PHOTO | CRITIQUE

The Uncovered Works of Hannah Berman

PYaël Hirsch
@12 Jan 2008

HB ou Hannah Berman, alias Heather Bennett, propose à la Galerie Eva Hober un exercice de transformisme photographique. En quatre photos et un film, une ballade de la dépendance sexuée très ironique, où elle incarne avec une application qui les rend «clichés» les grands fantasmes masculins sur la femme.

Inspirée par les caméléons grandioses de la génération de photographes féministes qui l’a directement précédée (Cindy Sherman, Nan Goldin…), elle se présente les yeux bandés, en lingerie fine, maîtresse d’une cérémonie occulte d’une «sorority» universitaire.
Puis c’est en cow-girl espiègle qu’elle apparaît, chapeau sur la tête, cils cillant suggestivement, et cheval solidement tenu au mors. Bien sûr cette «Docteur Quinn, femme catin» que joue Heather Benett ne saurait se passer de compagnons masculins. Si possible africain ou asia-americain. Pour le contraste orientaliste des peaux.

Sur fond blanc pur de chambre d’hôtel ou de villa californienne, on la retrouve en déshabillé rêveur, le regard boudeur détourné de l’objectif pour mieux se laisser objectiver aux côtés d’un amant japonais endormi sur le flanc comme une muse.
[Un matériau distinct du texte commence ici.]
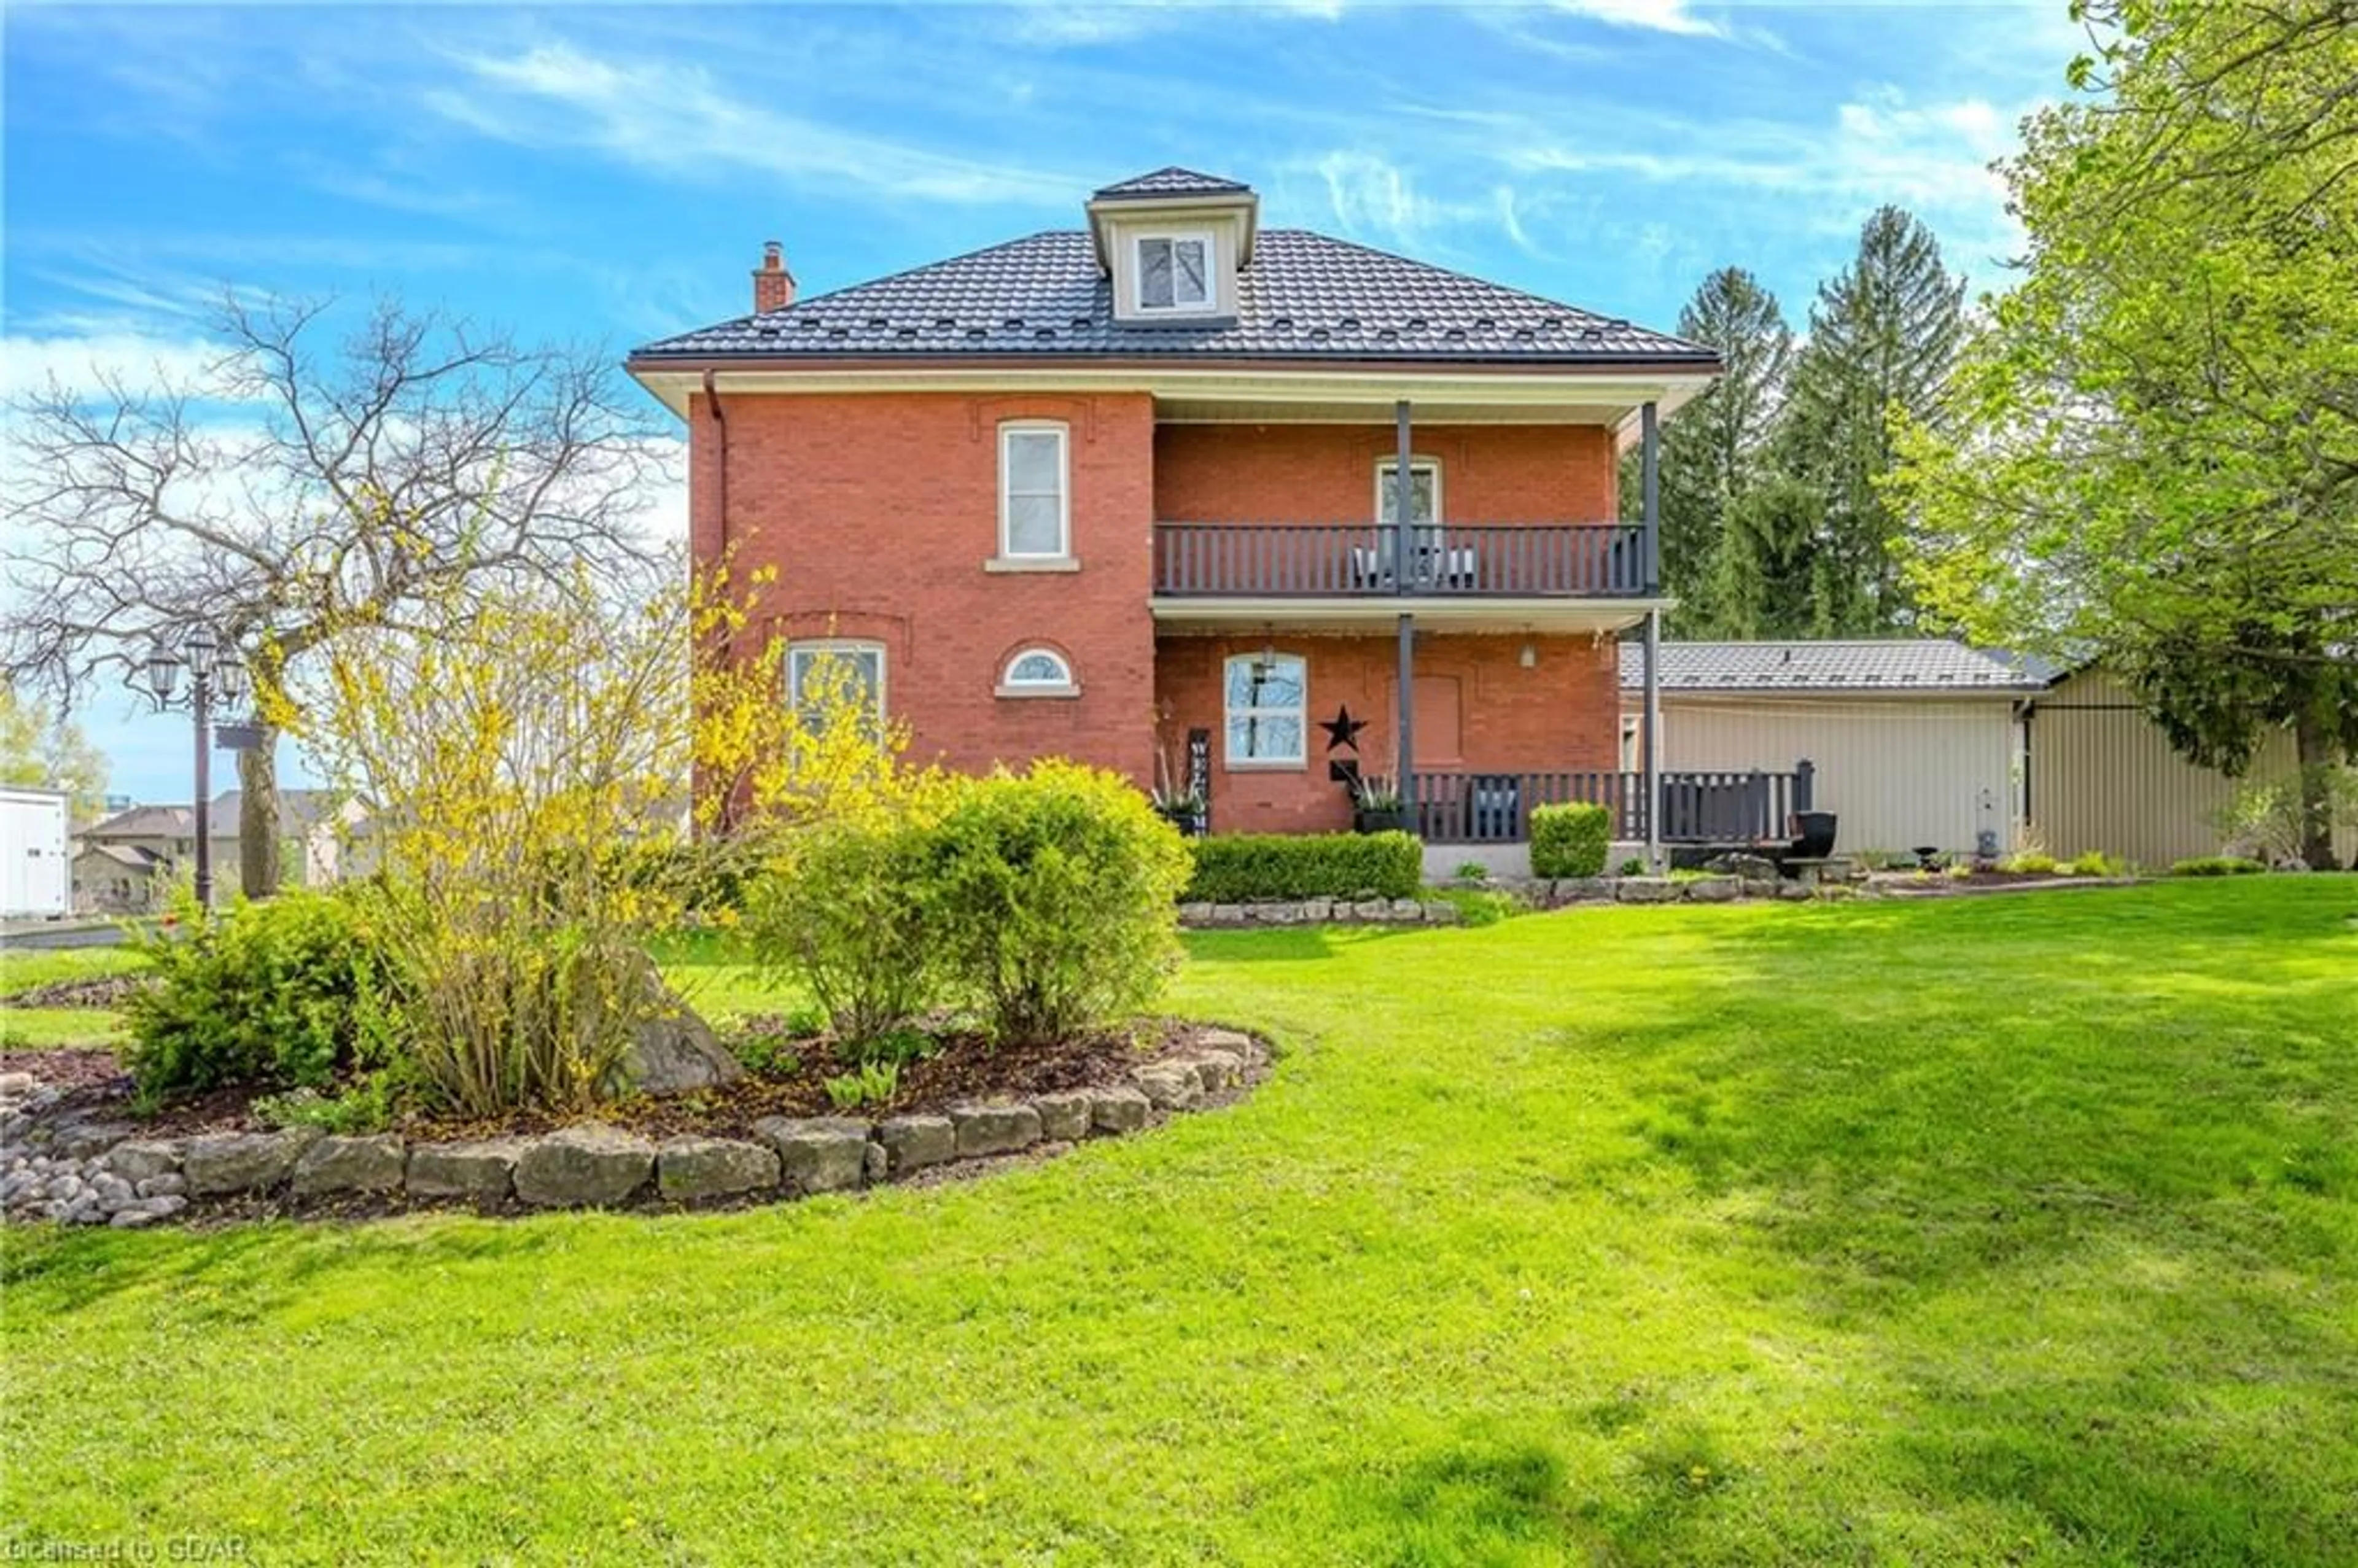 Outside view for 7750 Eastview Rd, Guelph/Eramosa Ontario N1H 6J1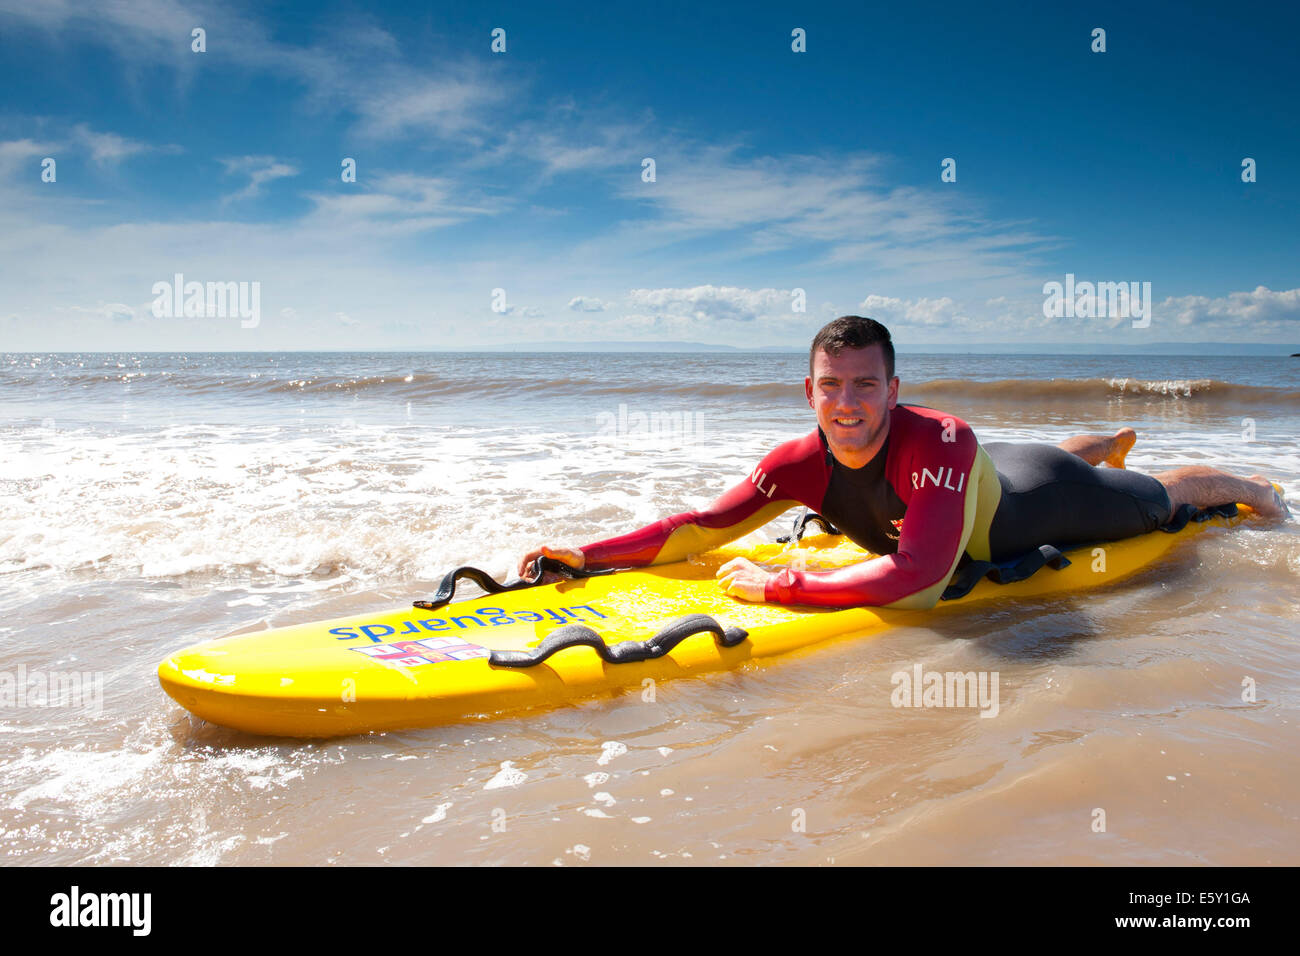 RNLI Rettungsschwimmer am Strand Whitmore Bay in Barry, South Wales. Stockfoto

L’Américaine n’a évidemment «rien vu à Hiroshima», pas plus qu’elle ne peut voir quoi que ce soit à l’arrière de sa voiture hollywoodienne plongée dans la nuit américaine.
Assis à ses côtés sur le siège arrière, son compagnon se distingue à peine de la nuit et de son tuxedo dans les néons aveuglants et les décors rétros qui caractérisent les «Films noirs» de L.A à l’âge classique.

Pour le clou de cette «surexposition» photographique, c’est seule qu’Heather Bennett se met en scène. Elle tient le bouquet final de roses rouges à la main, ses souliers et ses lèvres sont vermillon, et ses cheveux, roux à la Rita Hayworth. Joue-t-elle les pins-ups pour son propre objectif ou pour la caméra enfoncée à l’arrière plan dans le gris de la photo ?

Cette caméra que personne ne tient est certainement une allégorie sur le lieu vide du pouvoir. C’est le cœur du panoptique visuel emprisonnant et accumulant les femmes dans des images lascives qui sont autant de cellules de surveillance. Mais la tour centrale de cette grande prison circulaire a été désertée. Aucun homme ne tient les rennes de l’image. Alors, à terme, il se peut bien que les hommes eux aussi deviennent les objets ankylosés, ou même absents !, de leurs propres fantasmes…

Heather Bennett :
— Judy, 2005. Jet d’encre sur papier. 160 x 106 cm.
— Sorority Girls, 2005. Jet d’encre sur papier. 106 x 106 cm.
— Ace of Diamonds, 2005. Jet d’encre sur papier. 106 x 106 cm.
— Sonhouse, 2005. Jet d’encre sur papier. 96 x 165 cm.
— Charlotte, 2005. Jet d’encre sur papier. 152 x 106 cm.